Людовику XI исполнилось сорок три года, но он казался значительно старше. Возможно, такое впечатление усугубляла не только его внешность — морщинистые руки, поседевшие немытые волосы, прилипшие к бледному лбу, тонкогубый неулыбчивый рот, но и бедная неряшливая одежда: потертое черное трико, серый обносившийся плащ, засаленная шляпа из самого скверного сукна. Две желтые витые свечи освещали властное угрюмое лицо.
Даже не обернувшись, чтобы взглянуть на вошедшего, Людовик упорно смотрел на прево. Его раздражали подстриженные усы.
— Государь, вчера герольды объявили королевский указ: отныне считать одно денье равным трем денье.
— Это мы знаем и без вас. Мы бы предпочли сейчас услышать о тех, кто распространяет гнусные слухи о скорой высадке англичан в Арфле.
— Ваше величество, позвольте мне ответить на этот вопрос вечером, хотя, вполне возможно, тех, кого мы разыскиваем с великим тщанием, успела раньше нас выследить чума.
— Монсеньор, не сваливайте свои заботы в могилы кладбища Невинных — оставьте немного и себе. А что это за дело Жиле Сулара? — Людовик вытащил из вороха бумаг самую нижнюю, близко поднес к прищуренным глазам.
— Жиле Сулара и его свинью казнили, ибо следствием установлено тягчайшее злодеяние — чернокнижие.
— Как?! И свинья читала? Уж не считаете ли вы нас таким же дураком, как ваших следователей?
— Свинья покусала трех горожан, а именно тех, которые донесли на Жиле Сулара. Преступник сожжен, свинья закопана живьем.

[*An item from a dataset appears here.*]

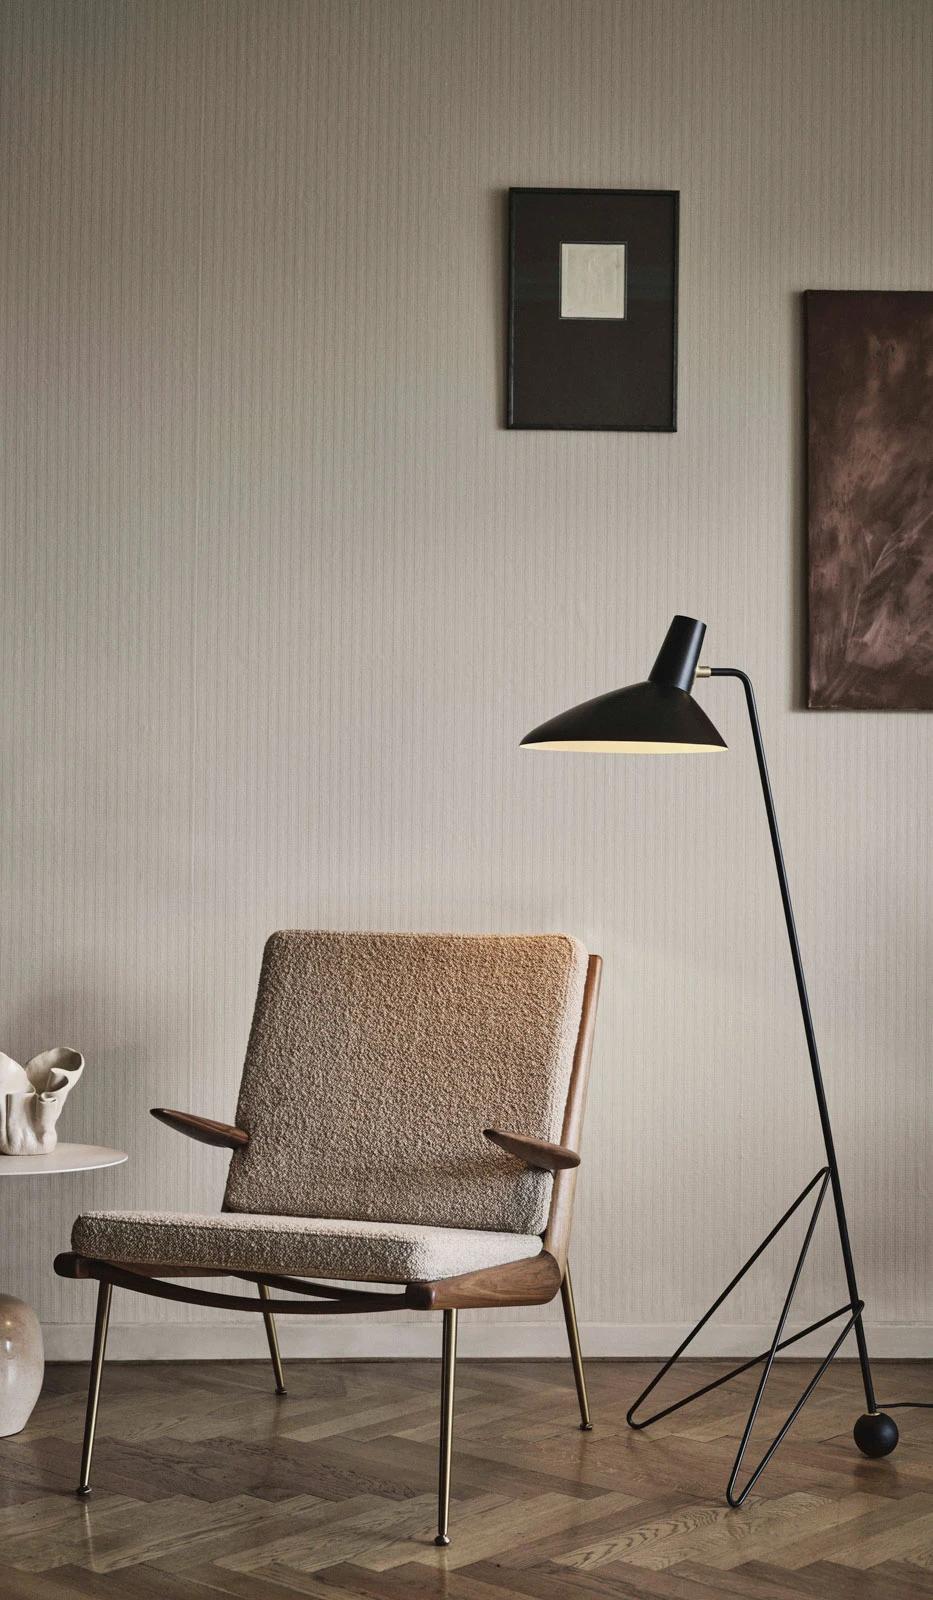 Tradition Hm8 Tripod Floor Lamp Spartan Shop In 2020 Home Decor Contemporary Furniture Design Furniture
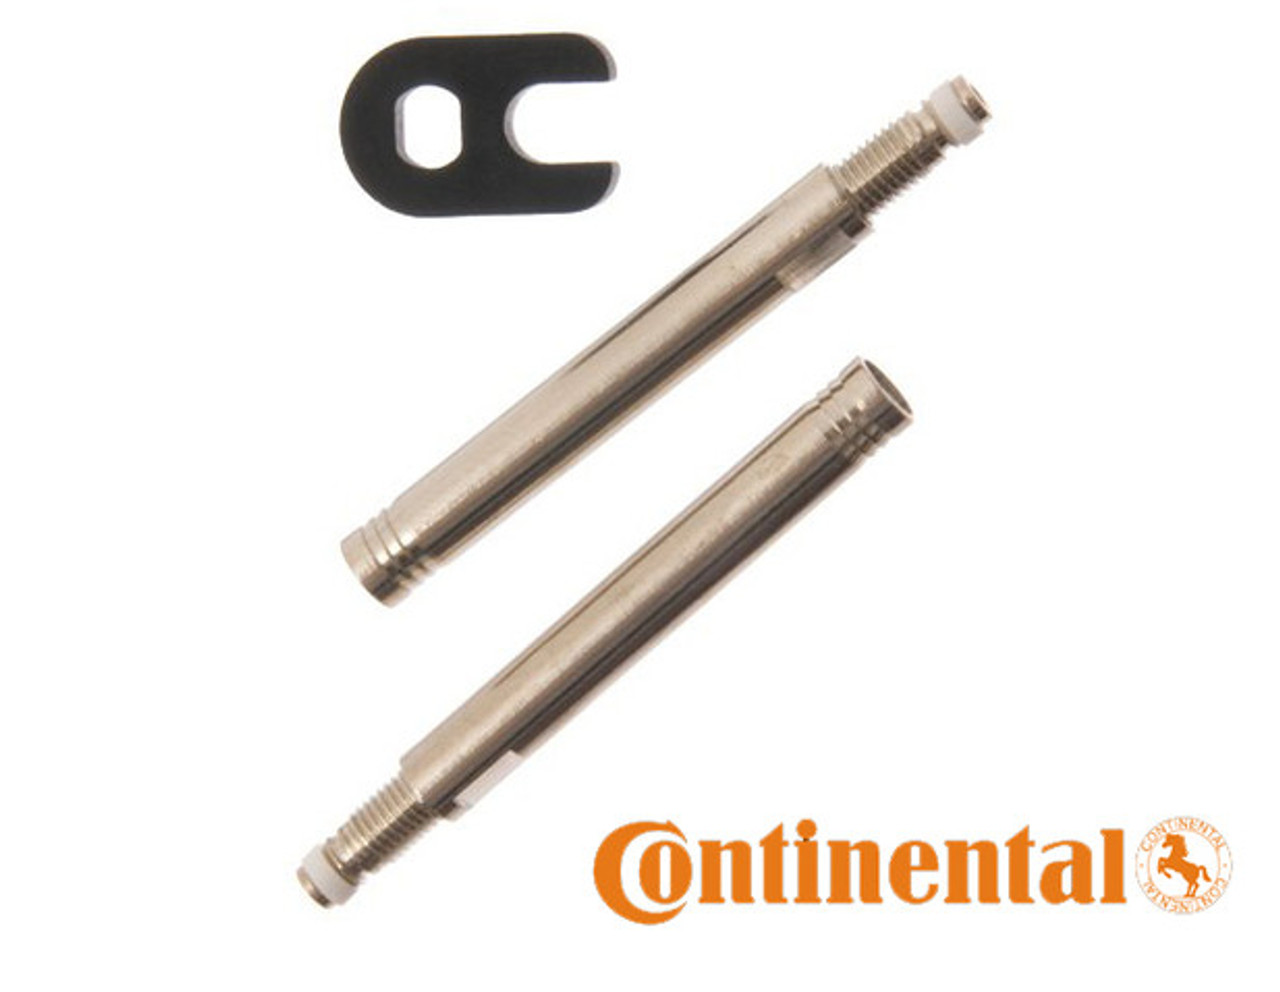 Continental Valve Extensions 30mm Presta x 2

— Тут написано, что пятьсот вязанок хвороста для костра взяты в Морсанском порту. Неужели не нашлось дров поближе?
— Увы, государь!
— Но это не все, чем мы недовольны. Прокорм свиньи составил восемь парижских денье ежедневно, а следствие продолжалось одиннадцать дней. Это слишком дорого, монсеньор, если вспомнить, сколько наших подданных вдоволь не едят даже хлеба. Как вы нам только что сообщили, отныне одно денье равняется трем, так что разницу за прокорм свиньи велите взыскать в королевскую казну немедленно из жалованья прокурора Корбейля. А сейчас оставьте нас. Да, и передайте нашу просьбу своей очаровательной супруге: пусть она вам купит новый шлем — этот погнут.
— В битве при Монлери, государь!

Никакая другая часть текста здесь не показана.